Getting to know Lisa.

Getting to know Lisa.

During a three-month sojourn in Paris some years ago, I visited the Louvre Museum many times and on each occasion was left amused by the crowd packed around the Mona Lisa, tourists jockeying to get a photo of the famous Da Vinci painting.

People would muscle through the crush of bodies and push in close enough so they could hold up their phone and - SNAP! - take a picture. Then, they'd often walk away staring down at the image captured on the screen without having actually looked at the work!

(Meanwhile, the Code of Hammurabi, a stone stele carved with 4000-year-old Babylonian law and one of the oldest pieces of deciphered writing in the world had tumble weeds blowing past it.)

A tourist has her picture taken with an Indonesian army commando after a security exercise at a hotel in Bali.

A tourist has her picture taken with an Indonesian army commando after a security exercise at a hotel in Bali. Photo: AFP

You could argue this impulse to show people your picture of the Mona Lisa or Taj Mahal is the polite, nerdy cousin of the drive so many tourists have nowadays to be photographed in "extreme" situations or locations.

There's John diving with great white sharks, and Dave standing next to a street sign that says Chernobyl! Look, Jessica's only metres away from that active volcano!! Is that Abdul doing the 'hang loose' signal on Death Road in Bolivia next to 15 crucifixes?

The subtext here, of course, is the person has risked life and limb for the photograph and made it back to the 'burbs intact, a God of Travel.

Facebook and Twitter have obviously amplified this ostentation but Instagram has taken it to a whole 'nother level, where some people seemingly spend half their holiday framing perfect, cool or outrageous photographs to illustrate how much fun they're having. It's the photo album designed to make their friends jealous.

Whereas to me, you know you've had fun - be it at a party or on holiday - when not a single photo exists because you actually were too busy enjoying yourself to stop, pose, take shot, crop it, add hip filter, upload to social media and write an oh-so-nonchalant caption.

On the weekend, Fairfax's Traveller section labelled this the "big brag theory", quoting Richard Munro, chief executive of the Accommodation Association of Australia. He speculates our appetite for extreme travel has increased because it gives people something to big note about on social media.

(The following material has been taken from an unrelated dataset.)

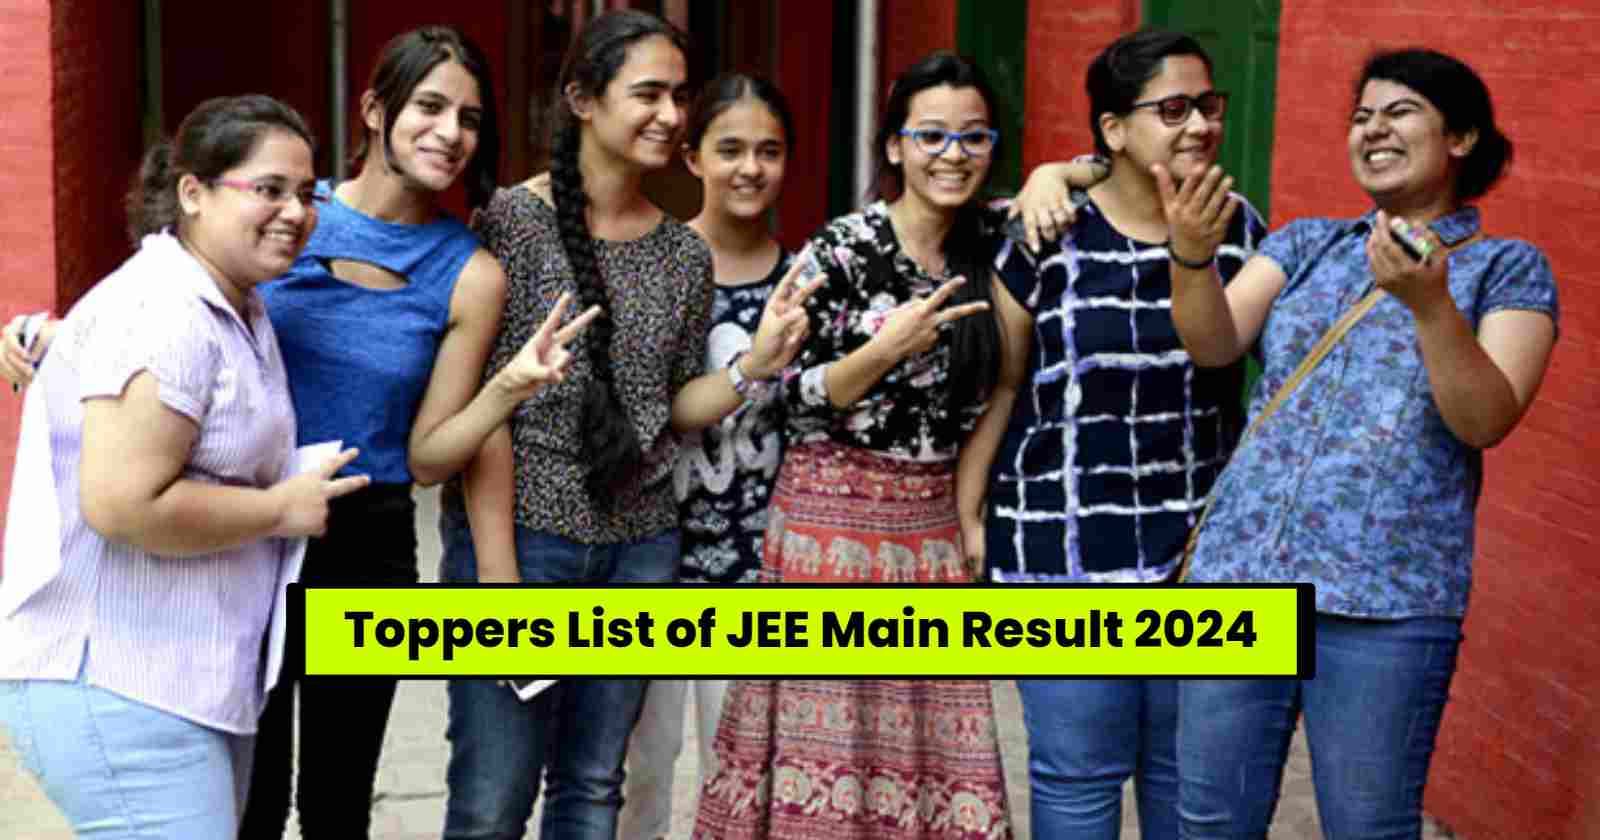 Toppers List of JEE Main Result 2024

"Australians in particular, because we're so well travelled, are often looking for bragging rights when it comes to travel," he said. "It's all about, 'take a picture of me next to that', especially now with social media."

Munro's comment reminded me just how many people you see overseas who seem to be travelling in a bubble; where poverty and suffering, cultural wonders and natural spectacle are all a backdrop to the "movie of me" going on in their heads.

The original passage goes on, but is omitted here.